A return to a classical understanding of human nature

Finally, to renew our public culture by restoring a proper view of freedom, we must return to a more classical view of human beings. A human being is more than the sum total of his desires. He is higher than the animals who, lacking a moral compass and a higher calling, are slaves to their instincts. He is not an evolved amoeba but a moral agent.

Societies in every era of civilization, among every world religion, through myriad philosophies of life, have ascribed to a higher view of human nature than is now preeminent in America. The Graeco-Roman tradition believed that human beings transcended the animal world through rational capacities and moral wherewithal; thus, Socrates declared that the unexamined life is not worth living. The Muslim tradition, as exemplified in the Quranic concept of “Karamah Il-Insaan,” teaches that human beings transcend the rest of creation in their ability to submit to God; thus, each human being should be valued unconditionally. Other examples could be provided, ad infinitum.

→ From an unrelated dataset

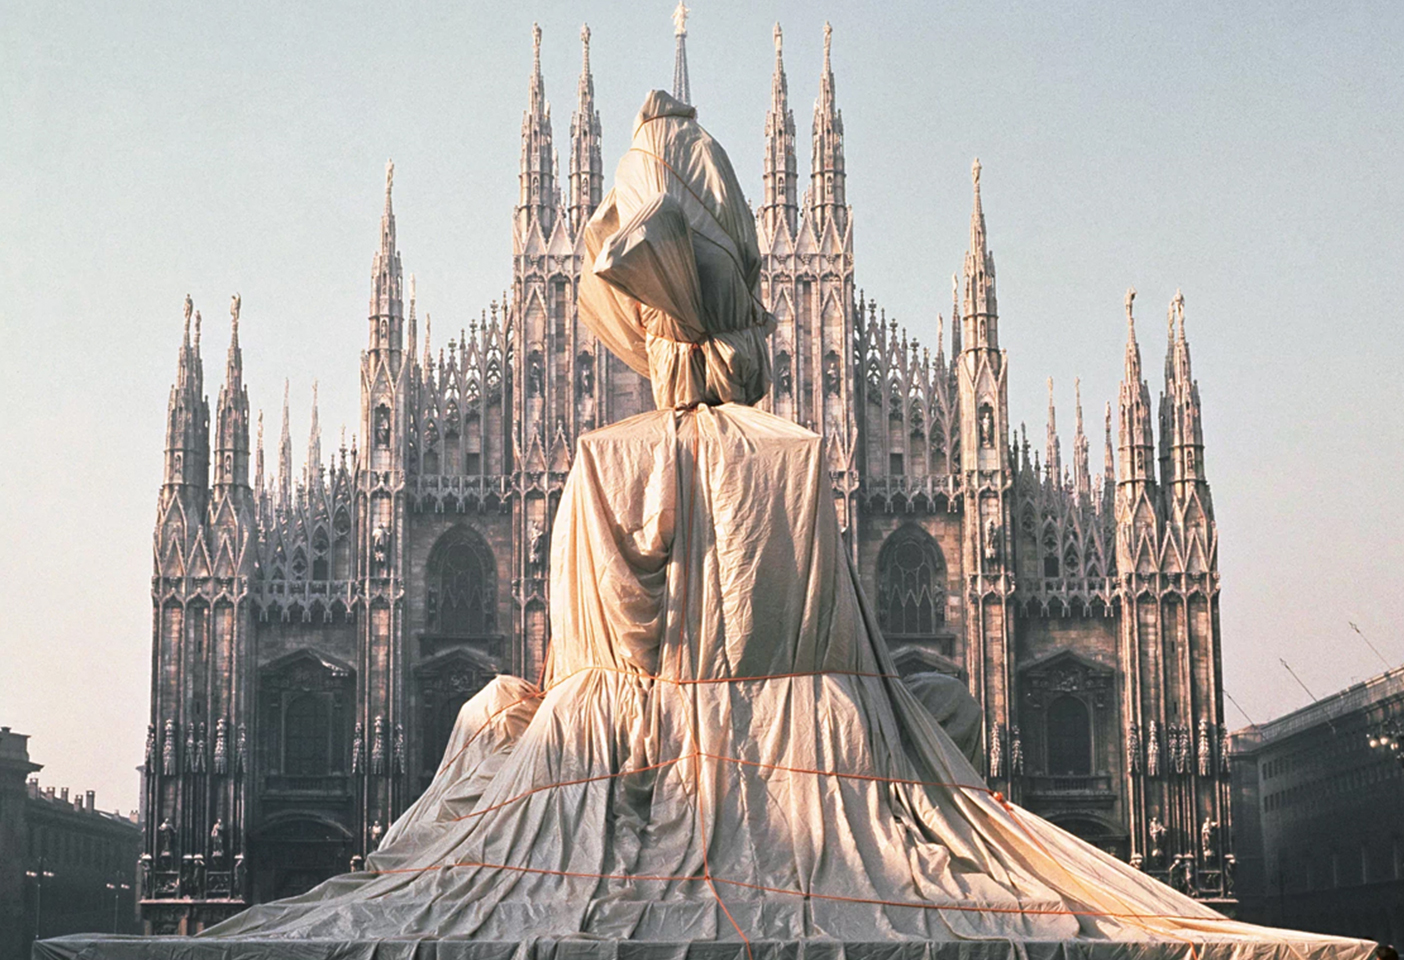 Christo and Jeanne-Claude's wrapped monument to Vittorio Emanuele II in Milan’s Piazza del Duomo in 1970. Photography by Shunk-Kender © 1970 Christo and Jeanne-Claude Foundation and J. Paul Getty Trust.

The Christian tradition, however, provides the fullest understanding of human beings through biblical teaching that human beings are created in the image and likeness of God (Genesis 1:27). This doctrine entails a great dignity and a great humility. Our great dignity is that we are like God; unlike animals, we can know and love God, give reasoned arguments, and follow the dictates of our conscience. Conversely, our great humility is that we are not God and thus do not have permission to follow our hearts or do whatever we please. Instead, we are created with predetermined bodies and a preestablished moral law to which we should align our consciences.


A nation in need of spiritual awakening

In two years, the United States of America will celebrate the 250th anniversary of the Declaration of Independence. Corporately, we have turned our backs not only on God’s special revelation in Christ but also on His general revelation through the moral law. Therefore, any restoration of our nation’s soul will take an act of God, mediated through the obedience of His people.

So, we pray for God to do what only He can: revive our nation spiritually. And we determine to do what only we can on the human side of the equation: elect whichever officials are most likely to keep godless agendas at bay over the next four years, critique the moral vulgarity and insanity of our age, and persuade our neighbors of the goodness of God and His law. These imperatives represent a challenge of epic proportions, too big for us but not too big for our God. May He have mercy on us and restore the soul of our nation.